Lecture 3: The Science of Astronomy: The Basics of Astronomy


  1. Lecture 3 (Rebecca-Steve version): Plus Lecture 2: Section 2.4
    1. Welcome: But I'm still not Prof. Rebecca Martin. I just have her slides which are the same as those of Prof. Stephen Lepp---who I also am not. I'm Prof. David Jeffery. Just call me David---one, two, three, "David". I'll be substituting for Prof. Lepp who is unavailable this week for lectures---but he's still running the course via Canvas.
    2. Planets known in ancient times: i.e., the historical planets which included the Sun and Moon, but NOT the Earth which was definitely NOT a planet.
    3. What was once so mysterious about planetary motion?
      1. They move relative to the celestial sphere traveling eastward near the ecliptic.
      2. But sometimes they go westward in apparent retrograde motion.
    4. We see apparent retrograde motion when we pass a planet in its orbit---or in the case of Venus and Mercury, they pass us.
    5. Why did the ancient Greek astronomers reject the real explanation of planetary motion?
      1. File: Star file: parallax_stellar.html.
    6. The ancient Greek astronomers knew that the lack of observable stellar parallax meant the Earth was unmoving relative to the stars were extremely far away---beyond what they thought likely.
      1. But why did they not think the planets orbited the Sun and the Sun orbited the unmoving Earth? They could not measure distances to the historical planets, except they did eventually get a good distance to the Moon of ∼ 60 Earth equatorial radii (R_eq_⊕ = 6378.1370 km)). Their geometry was strong, their instruments were weak.

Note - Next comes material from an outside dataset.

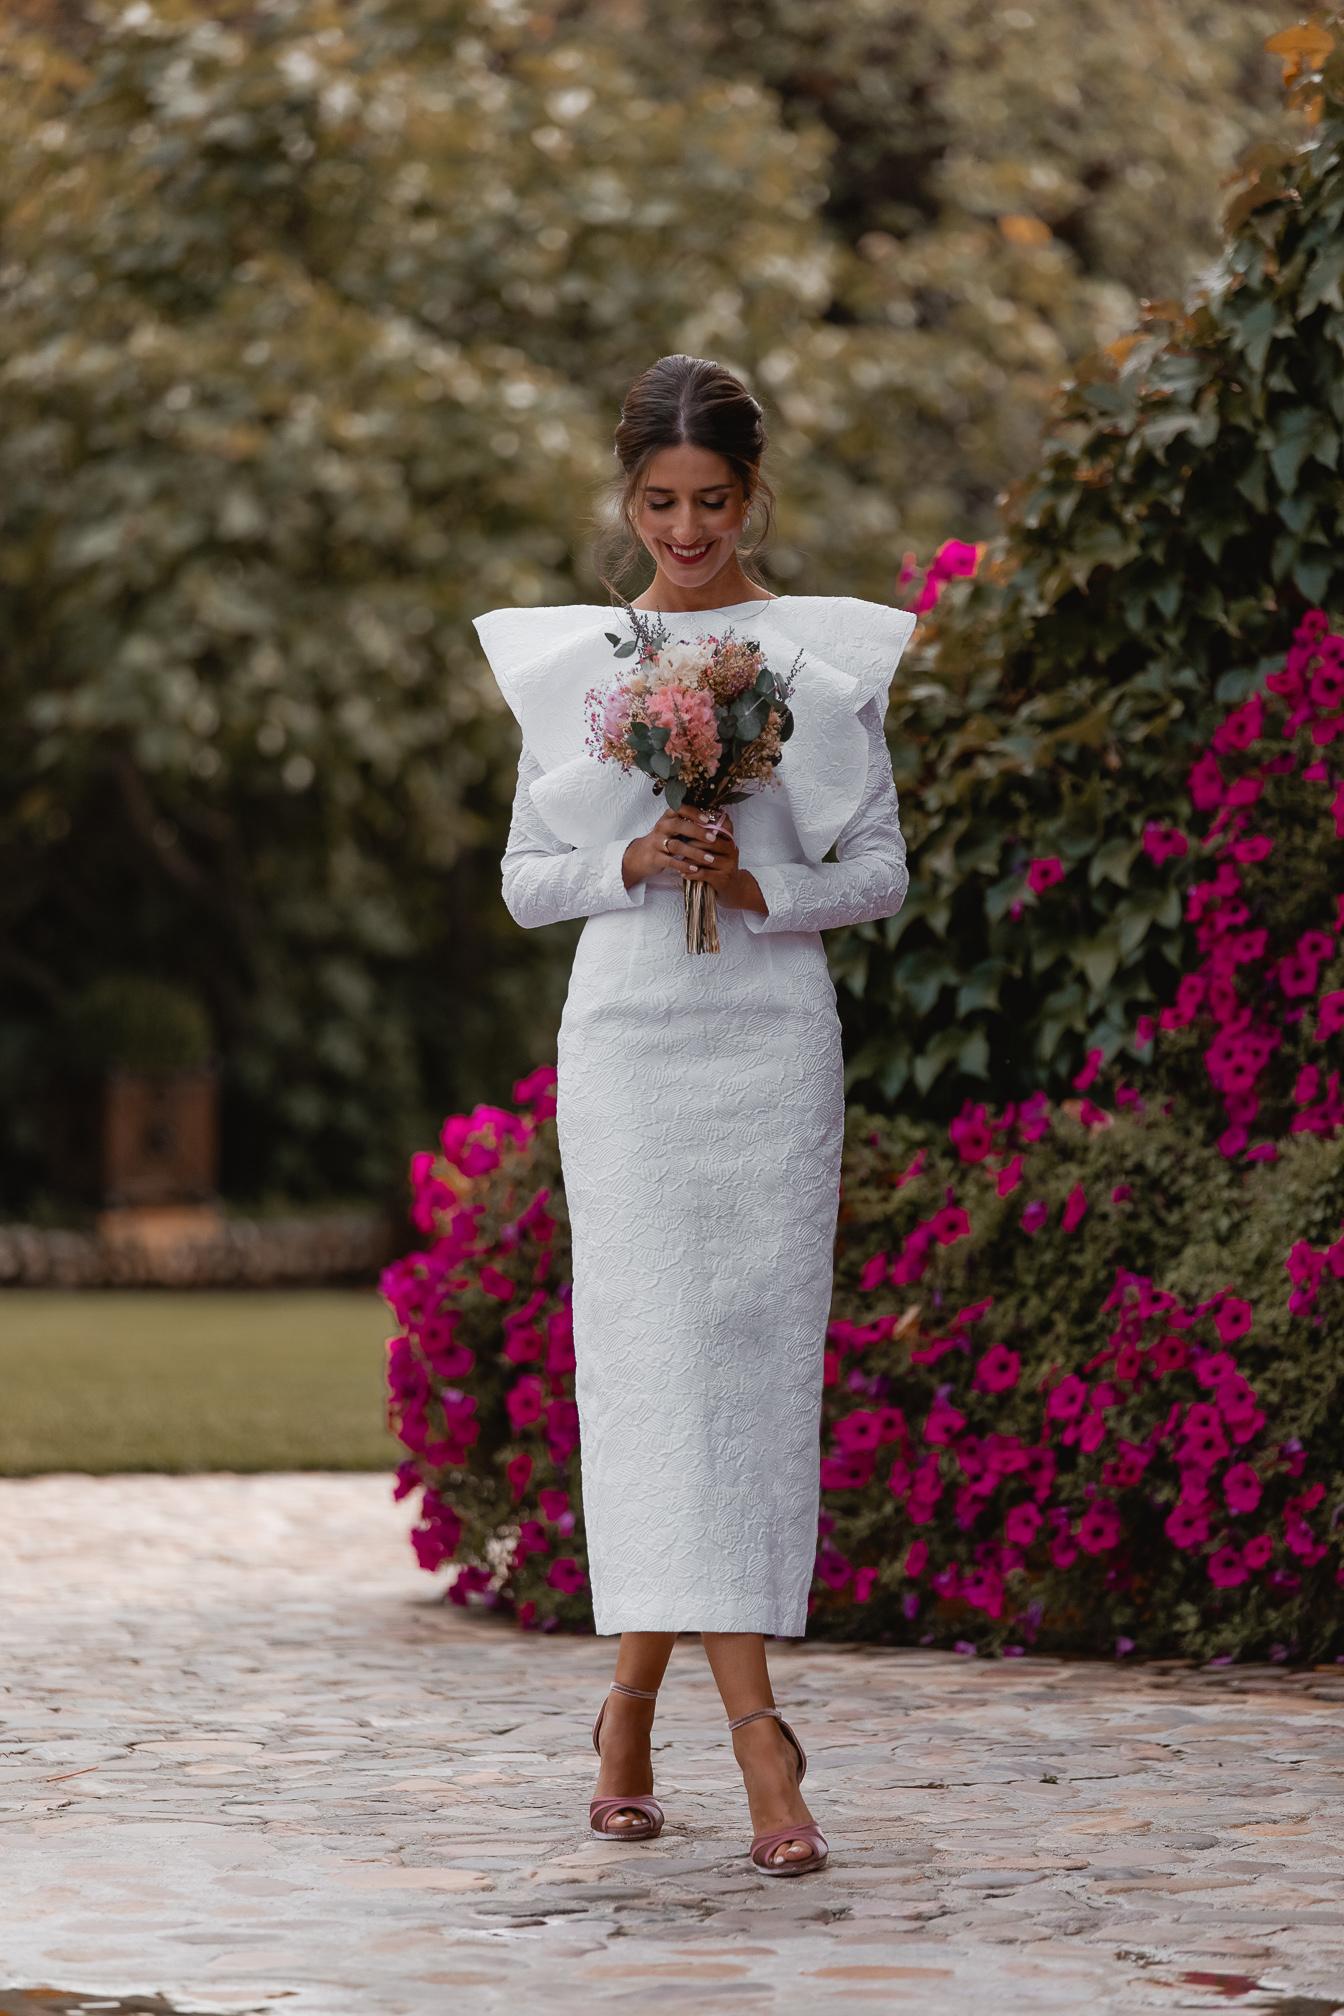 novias 2022 vestido midi
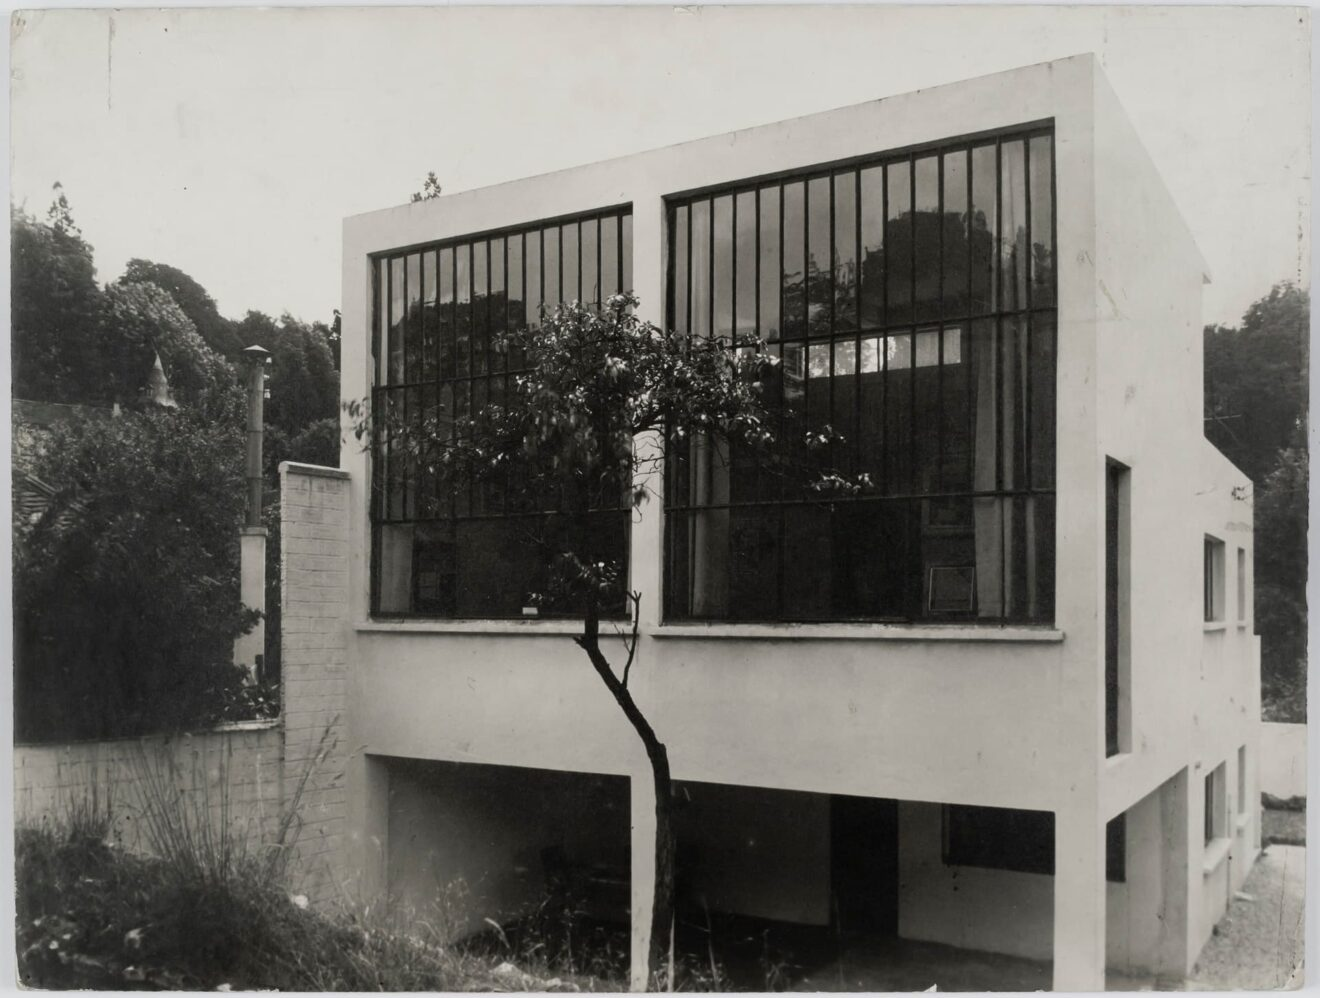 Theo van Doesburg. Atelierwoning te Meudon-Val-Fleury voor eigen gebruik, 1927-1930. Foto van de atelierwoning gezien vanuit de tuin. Collectie Het Nieuwe Instituut, DOES AB5388. Gift Van Moorsel.

    7. Stellar parallax is:
    8. Stellar parallax is: Answer.
    9. Section 2.4 Summary:
      1. Actually, lack of stellar parallax was not the main reason, the ancient Greek astronomers thought the Earth was unmoving. Like almost everyone before modern times, the main reason was because the Earth seemed unmoving and also seemed to be the center of celestial axis around which stars and historical planets moved but complications: the historical planets moving on ecliptic relative to the stars with, in the case, of the actual planets apparent retrograde motion.
    10. The ancient roots of science.
    11. In what ways to all humans use scientific thinking.
      1. Yours truly thinks the trial-and-error method (which all people use) and scientific method are distinct though without a hard line between them. The scientific method aims at general understanding through theories, NOT just specific recipes.
      2. Aside from quibbling, astronomy is the oldest exact empirical science, and so the prototype exact empirical science.
    12. Scientific thinking is:
    13. Scientific thinking is: Answer. Yours truly would add that the understanding is via theories which have a range of statuses.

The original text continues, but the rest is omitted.